Front Porch Blog

South Takes the Lead to Protect Wild Forest Land

North Carolina, Virginia, and South Carolina have become the first states in the nation to request protection of all the wild, roadless national forest land within their borders.

The move was part of a process set in motion by the Bush Administration in 2002. Instead of implementing a Clinton Administration policy that would have protected all roadless national forest lands in the US, the Bush Administration rolled back that policy and required every governor to file their own formal petition that would determine the fate of the federal roadless lands in their state.

According to the Media General News Service,

Three Southern states – Virginia, North Carolina and South Carolina – asked the federal government Monday to protect hundreds of thousands of acres in national forests from road construction.

The three states were the first in the nation to ask the Agriculture Department to use a new federal rule that governs whether roads can be built in pristine areas of national forests.

Makes you proud to be a Southerner, doesn’t it?

Here are the details for the three states, according to the Media General News Service:

Virginia is seeking protection for 374,000 acres in the George Washington and Jefferson national forests. That’s 21 percent of the land in George Washington and 9 percent in Jefferson.

“We need to have land available for backcountry recreation, wildlife protection and to protect our water quality,” said Nikki Rovner, Virginia’s deputy secretary for natural resources. “The only place in
Virginia where those characteristics exist is on public land. We are not going to find them on private land.”

“North Carolina faces phenomenal growth pressures, and our opportunity to protect these areas may be limited,” Jennifer Bumgarner, an advisor to Gov. Michael Easley, a Democrat, told the Agriculture Department’s advisory committee on roadless areas.

North Carolina is asking that nearly 174,000 acres in the Pisgah, Nantahala and Croatan National Forests be kept without roads.
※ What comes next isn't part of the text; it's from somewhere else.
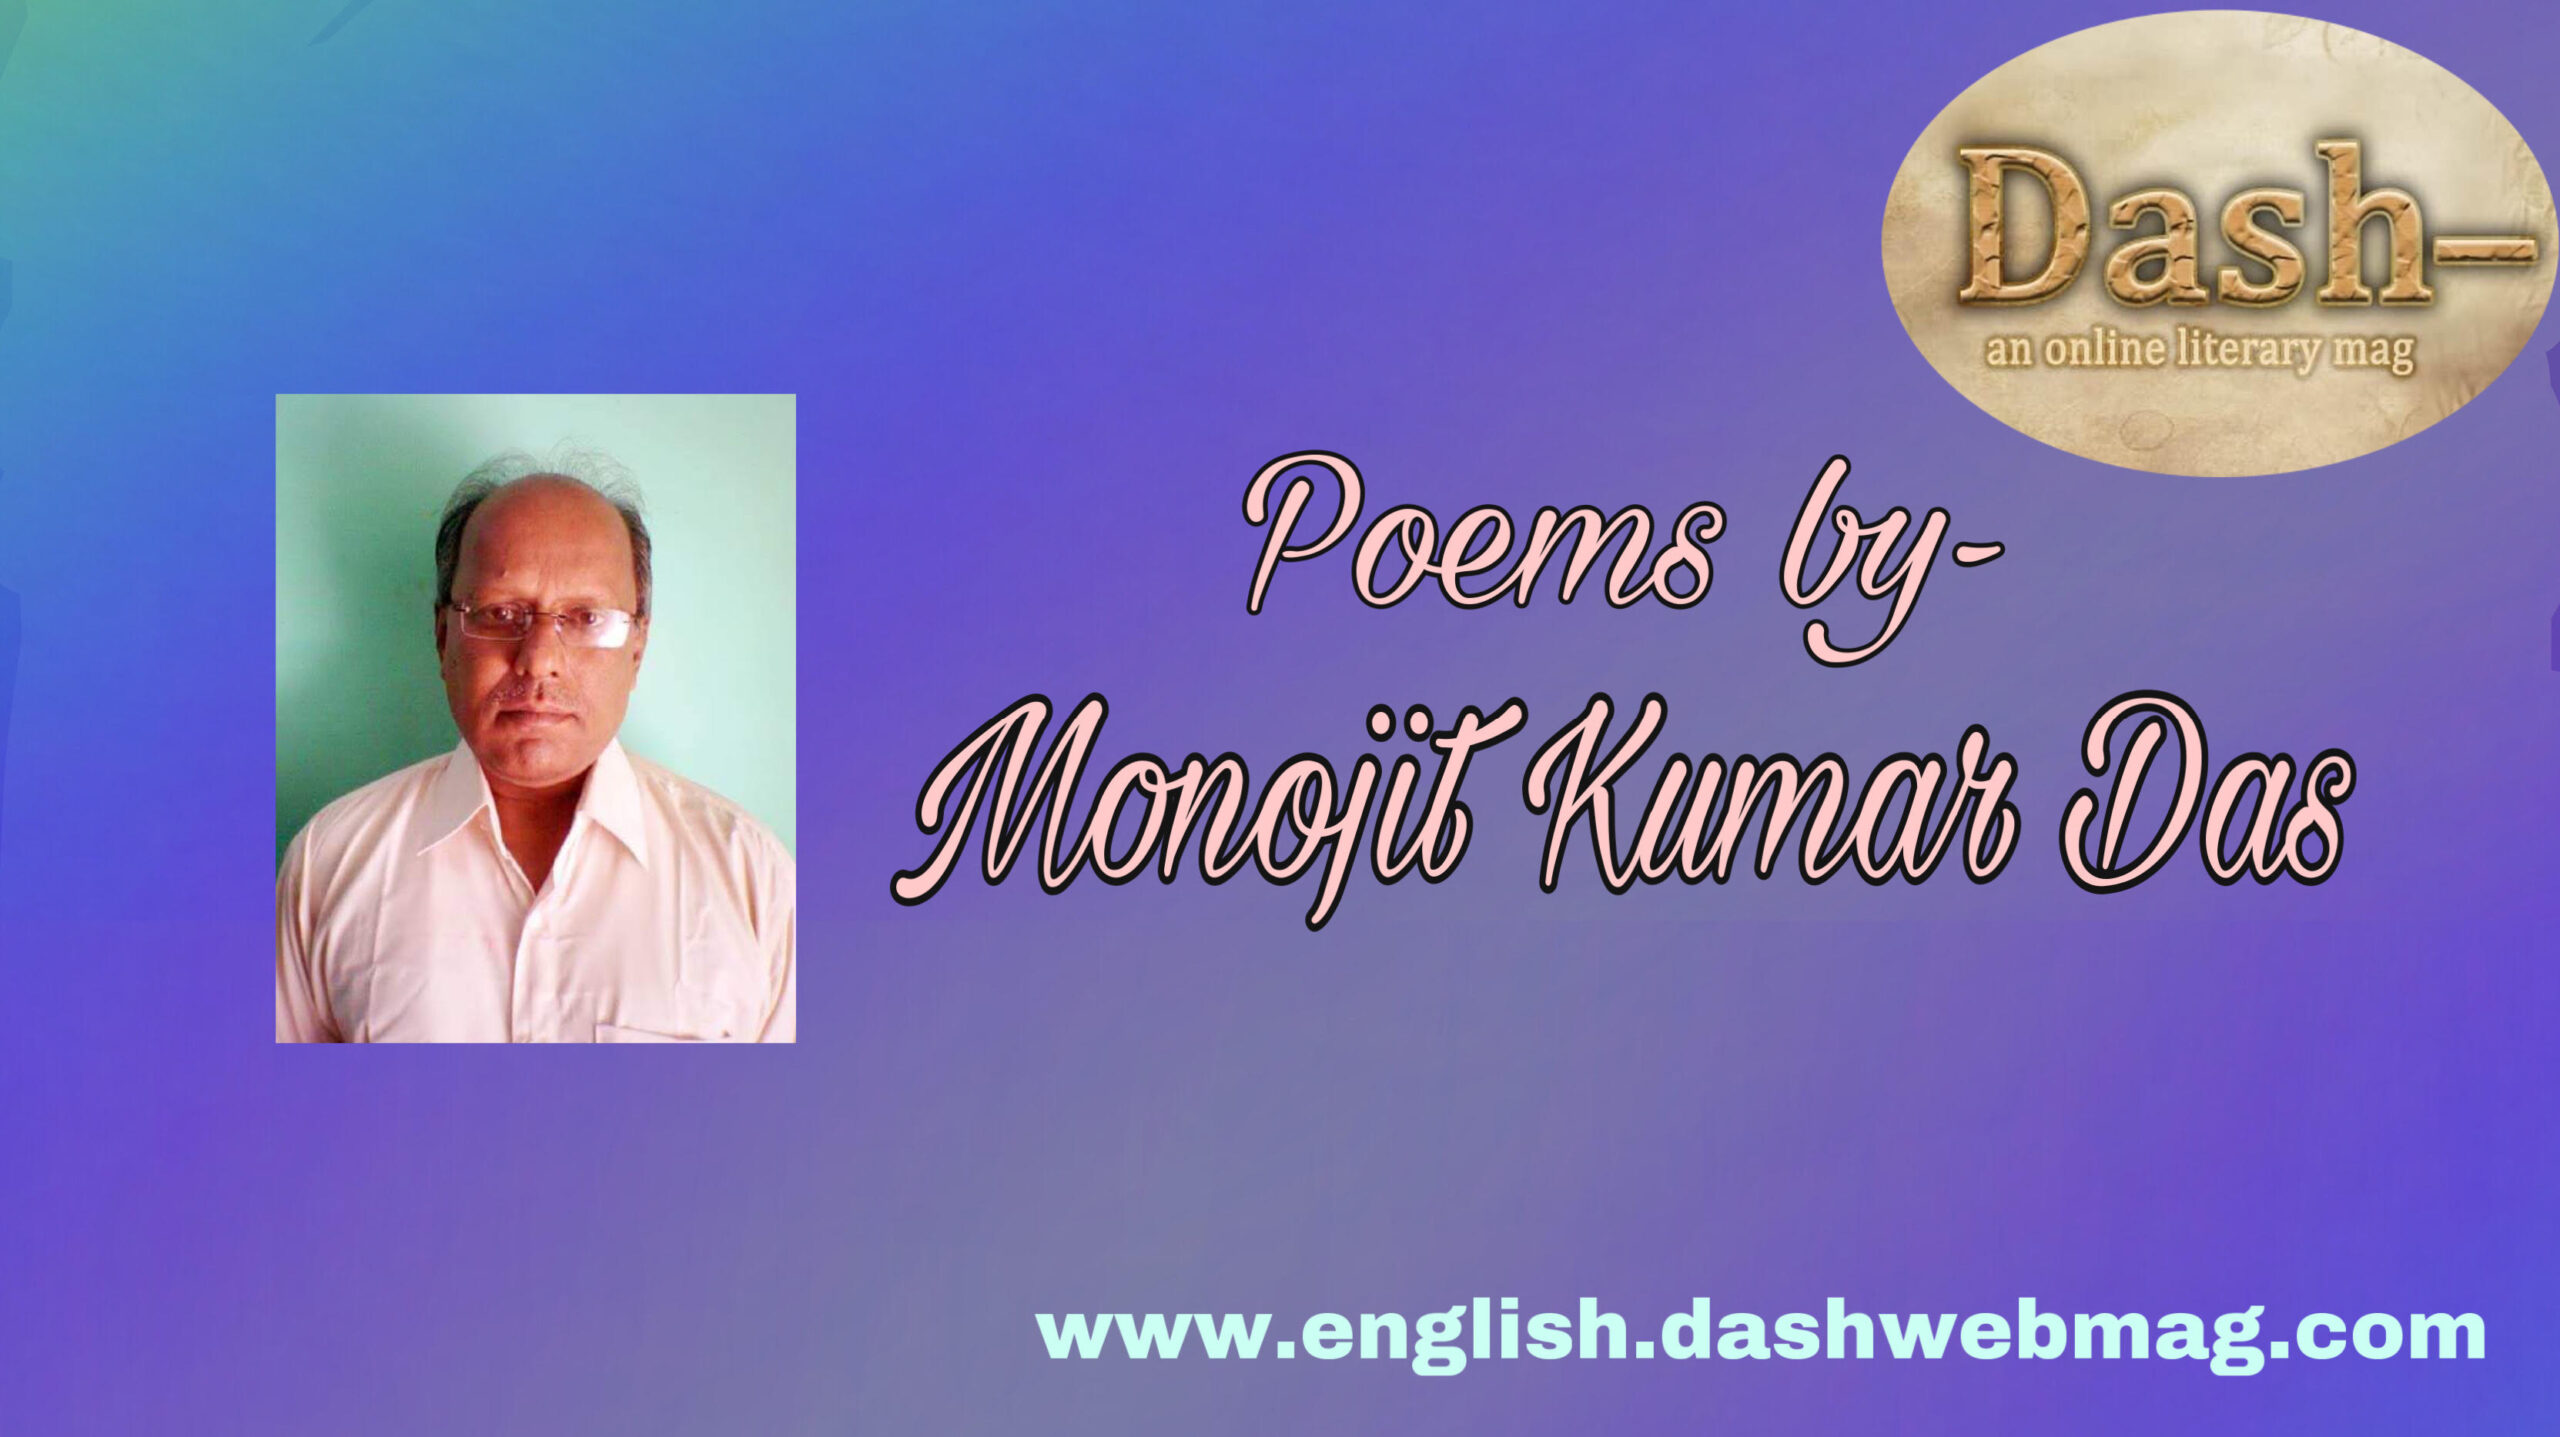 Poems by- Manojit KumarDas
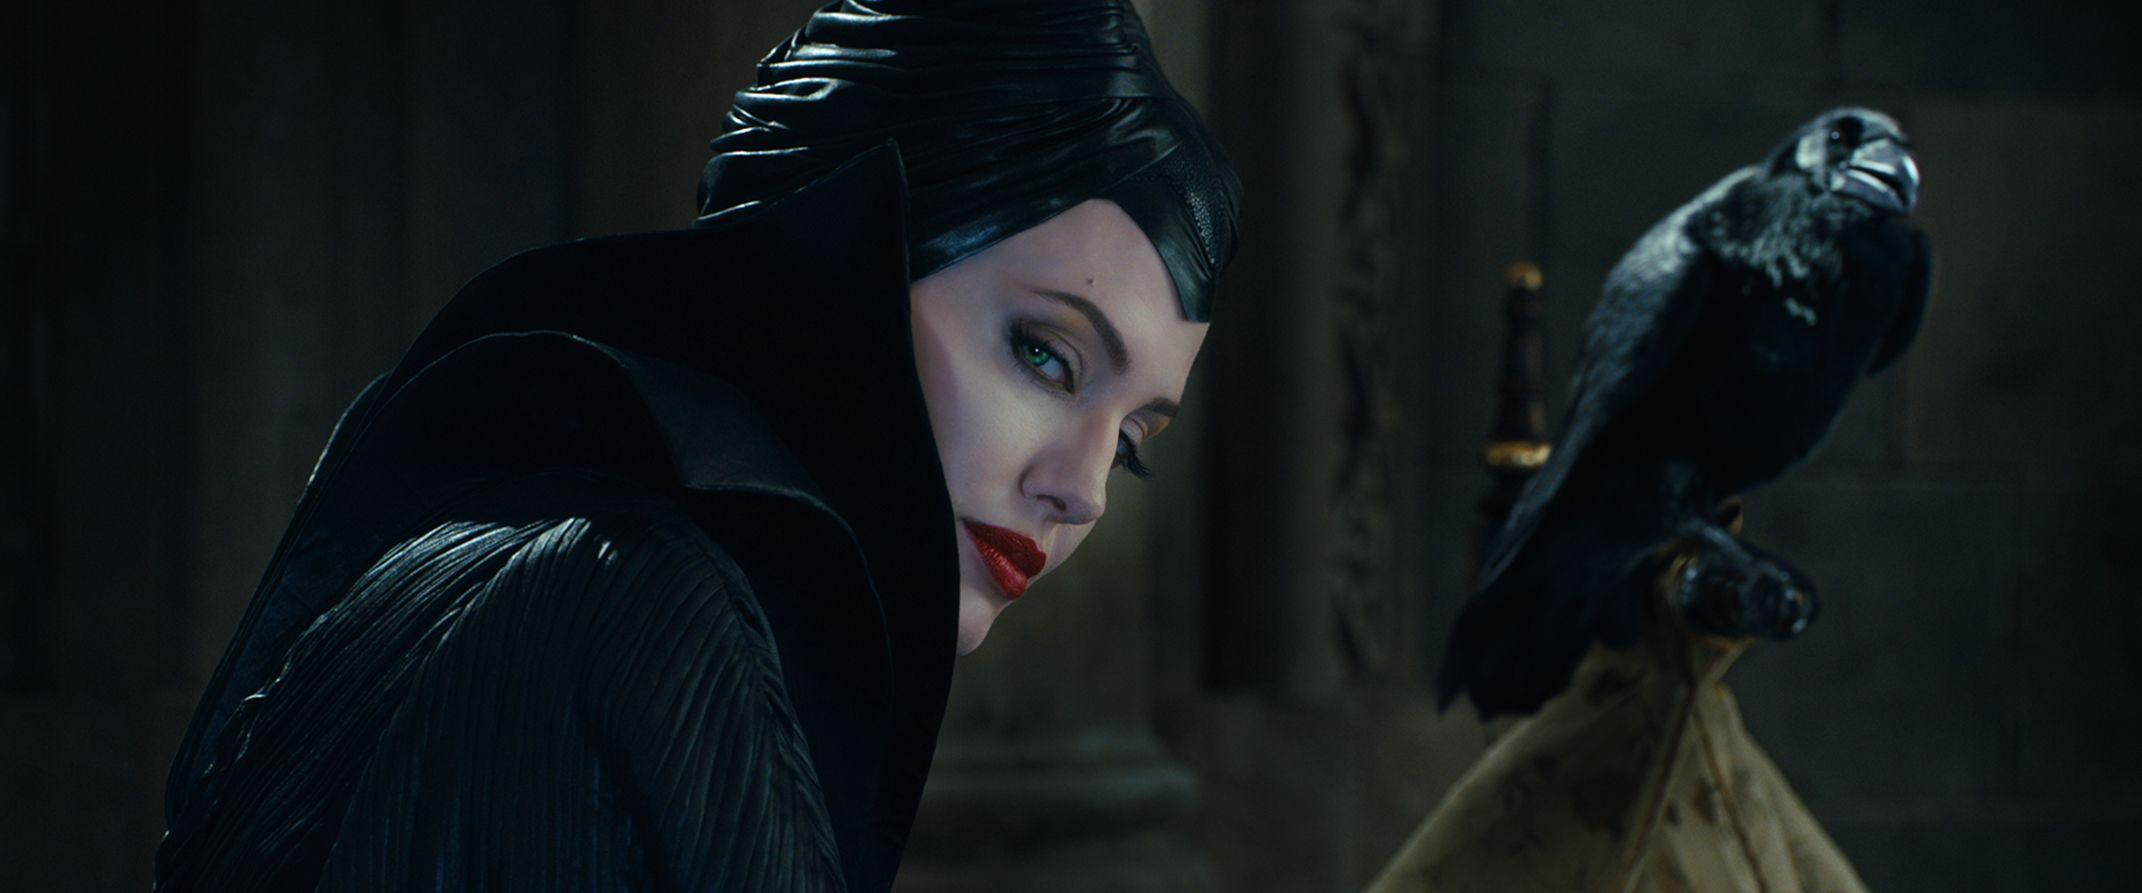 Angelina Jolie Talks MALEFICENT, UNBROKEN, Work and Family ...

That amounts to 15 percent of the national forest land in the state.

South Carolina is asking to save the remaining 7,581 acres without roads in Sumter and Francis Marion National Forests.

“This is all the roadless national forest we have in South Carolina,” said South Carolina forest supervisor Jerome Thomas. Forests must have less than a half mile of road for each 1,000 acres to be considered roadless. The rest of the 624,000 acres in the Sumter
and Francis Marion forests already have roads.